- What you have to do:
Return every line of the data below exactly, but do not include the images.

=== Given data ===

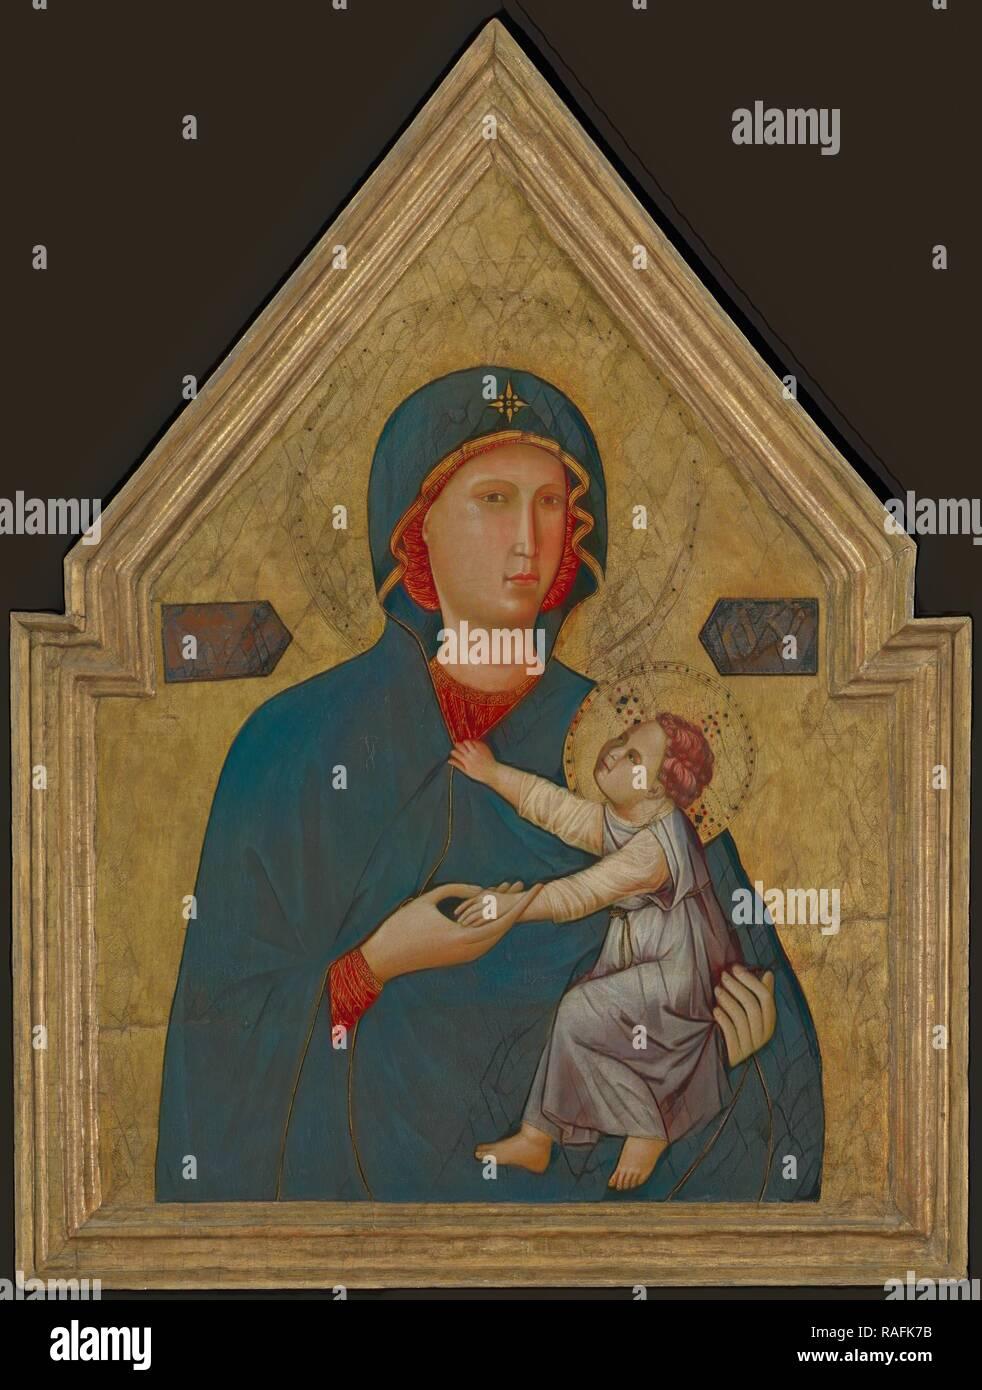 La Virgen y el Niño, maestro de Santa Cecilia (Italiano, activo alrededor de 1290 - 1320), 1290-1295, Temple y hoja de oro sobre reinventado Foto de stock
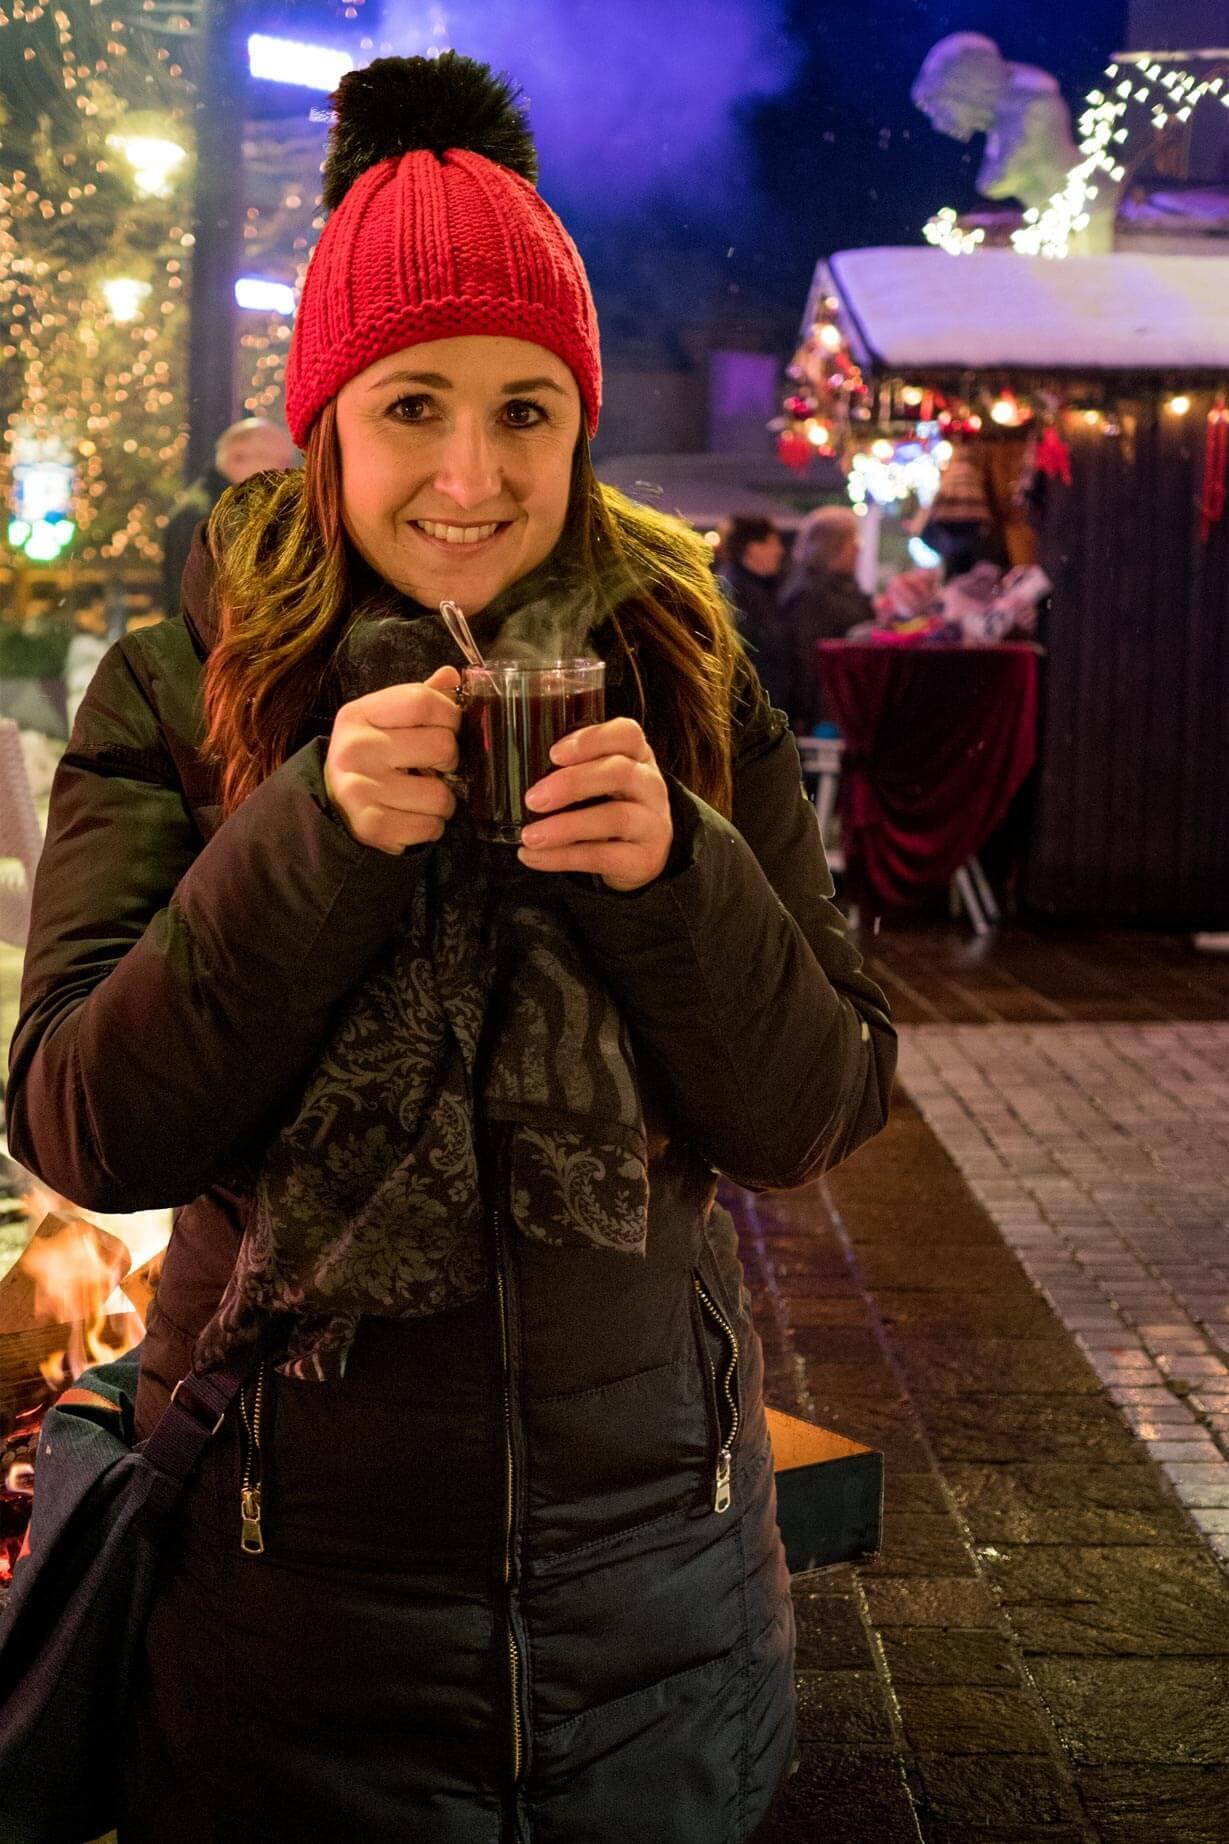 Besuch am Weihnachtsmarkt in Velden
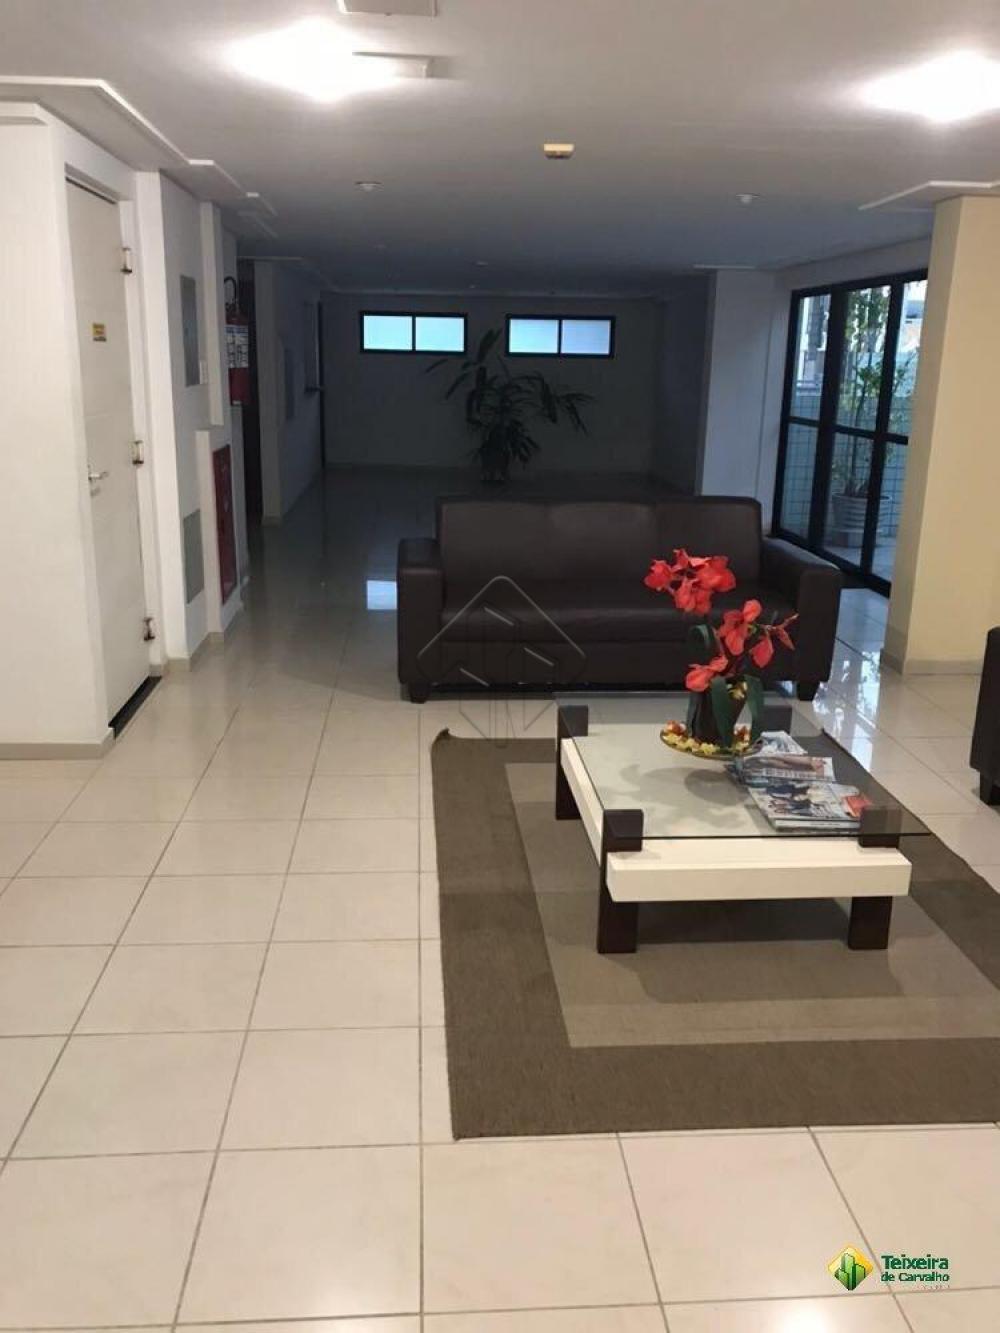 Comprar Apartamento / Flat em João Pessoa apenas R$ 250.000,00 - Foto 8

===

- Result of this exercise:
 La Virgen y el Niño, maestro de Santa Cecilia (Italiano, activo alrededor de 1290 - 1320), 1290-1295, Temple y hoja de oro sobre reinventado Foto de stock
 Besuch am Weihnachtsmarkt in Velden
 Comprar Apartamento / Flat em João Pessoa apenas R$ 250.000,00 - Foto 8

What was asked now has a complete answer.